_Input data:_
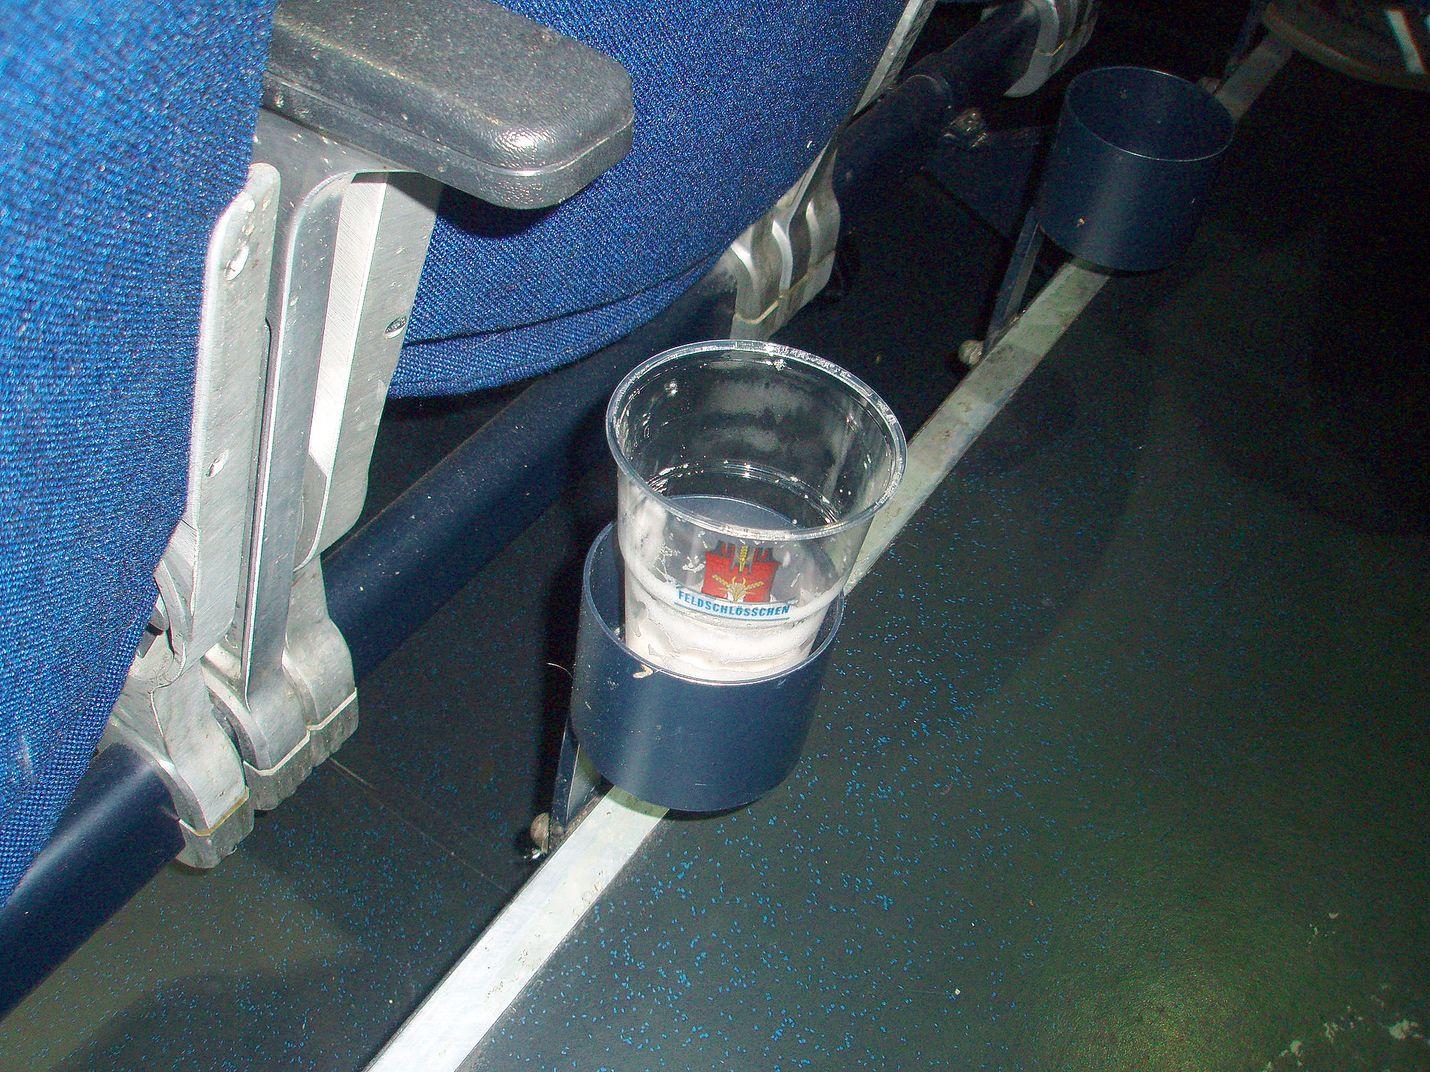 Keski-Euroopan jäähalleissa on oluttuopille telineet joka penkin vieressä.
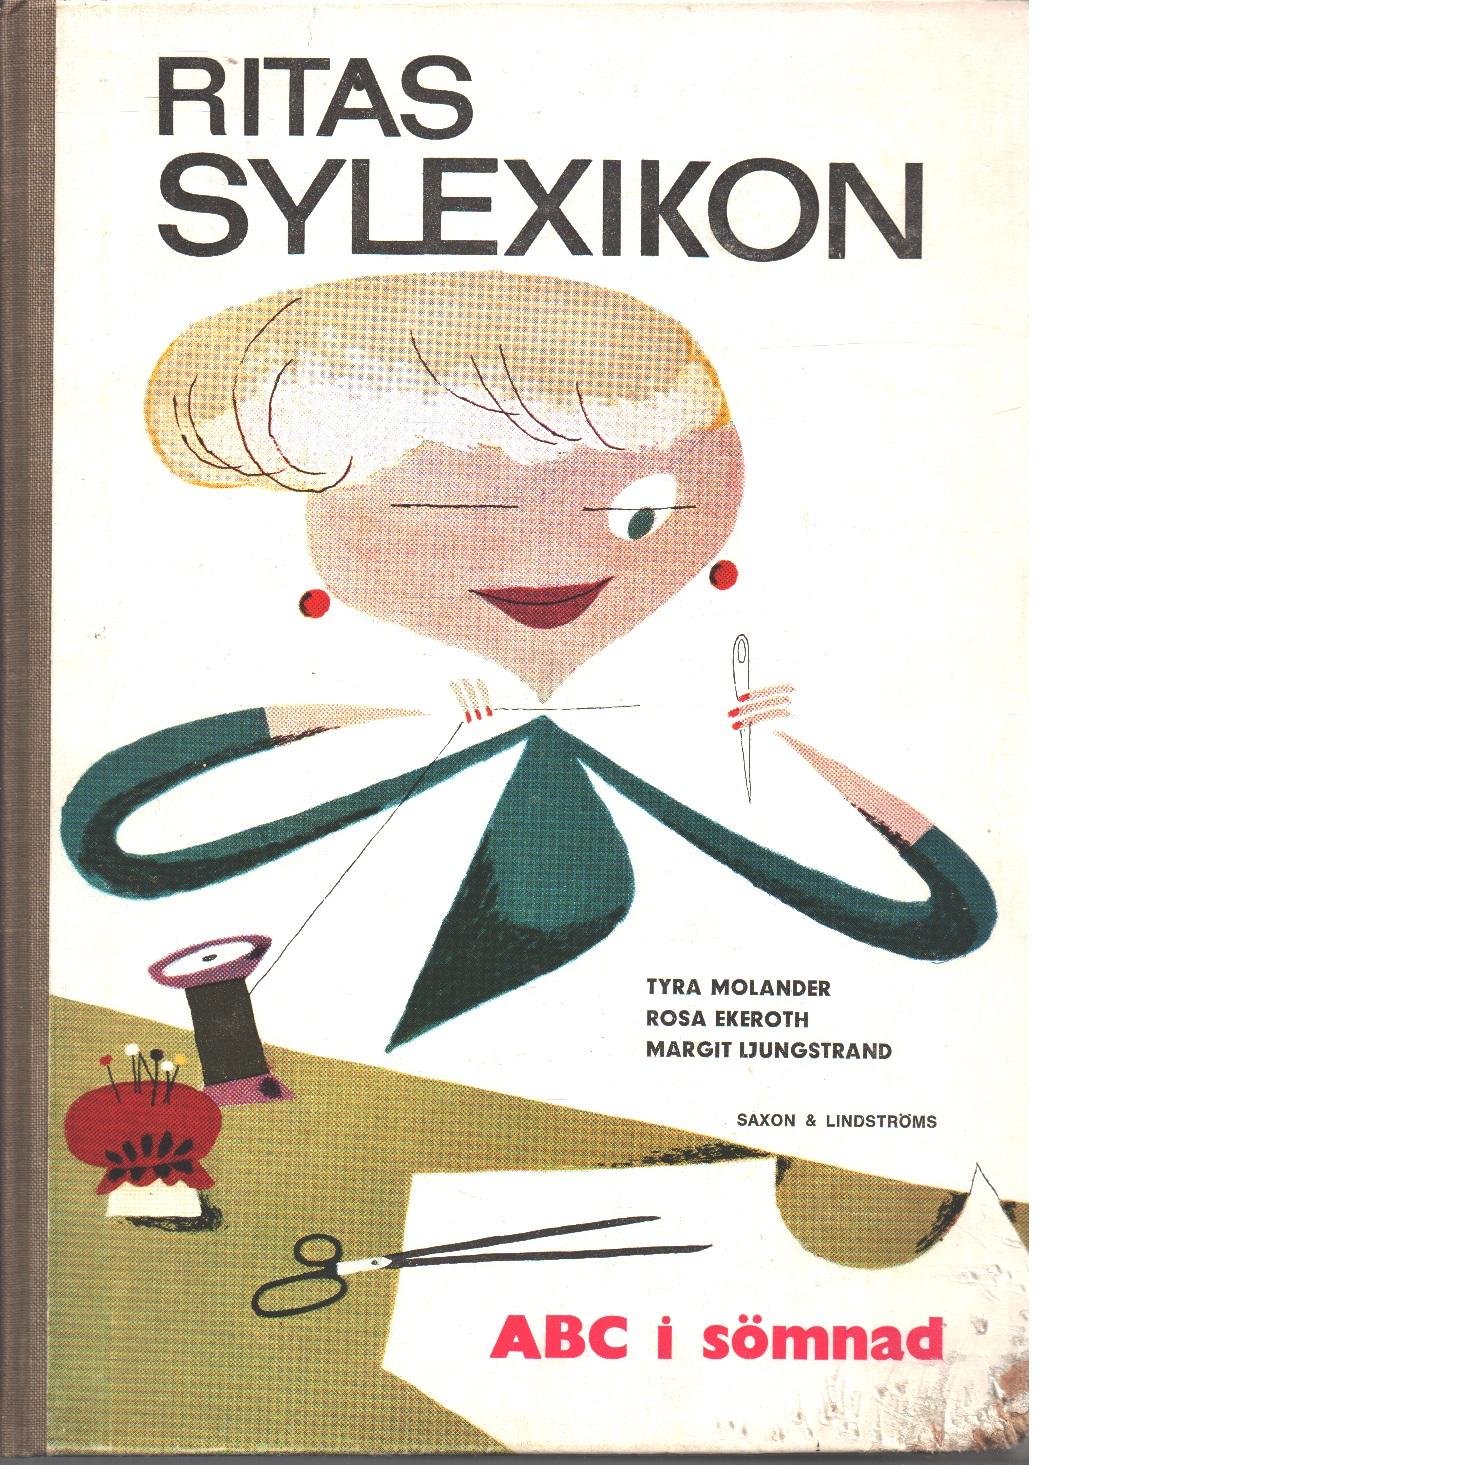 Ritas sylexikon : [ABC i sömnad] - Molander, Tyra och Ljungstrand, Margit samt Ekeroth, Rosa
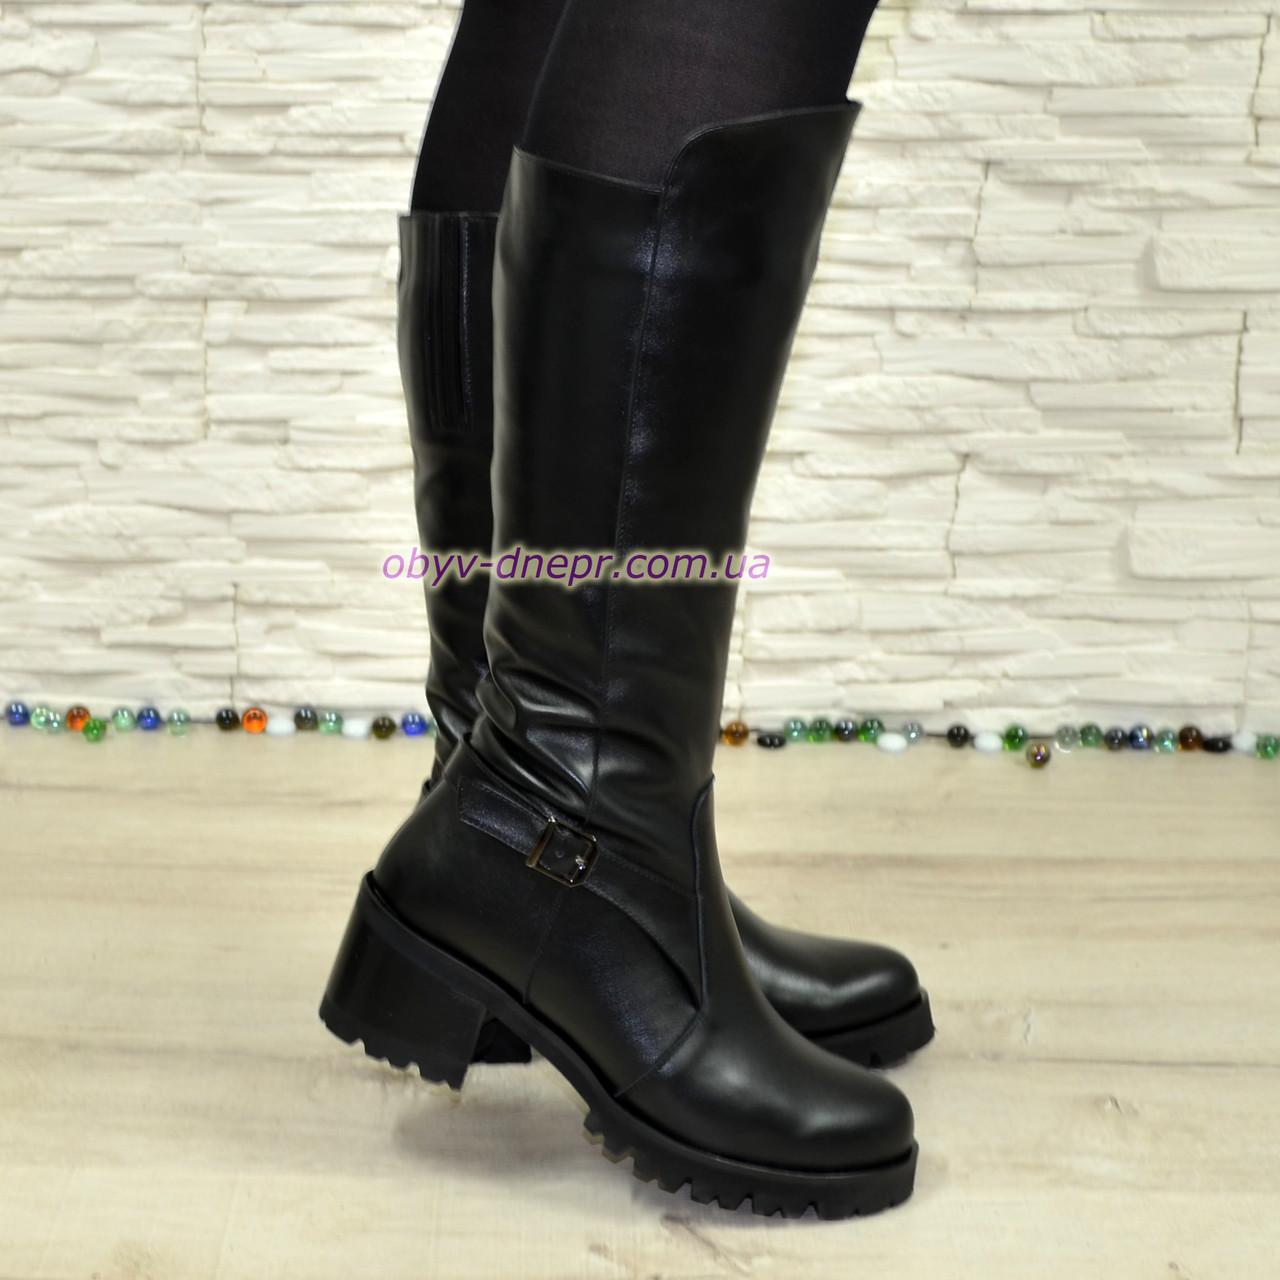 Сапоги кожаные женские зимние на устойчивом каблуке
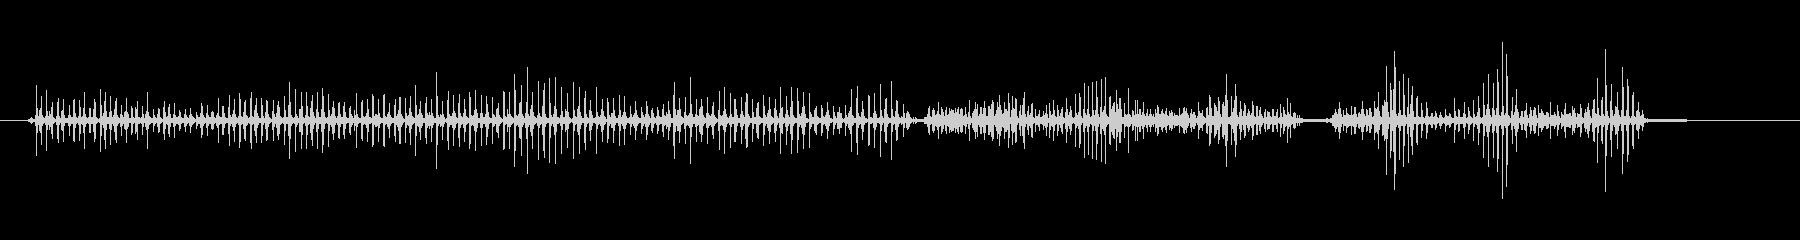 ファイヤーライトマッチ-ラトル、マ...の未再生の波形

_Task:_ Starting at the line that contains "Ritas sylexikon : [ABC" and ending with the last line of the data, transcribe every line exactly; skip the pictures.

_Response:_
 Ritas sylexikon : [ABC i sömnad] - Molander, Tyra och Ljungstrand, Margit samt Ekeroth, Rosa
 Сапоги кожаные женские зимние на устойчивом каблуке
 ファイヤーライトマッチ-ラトル、マ...の未再生の波形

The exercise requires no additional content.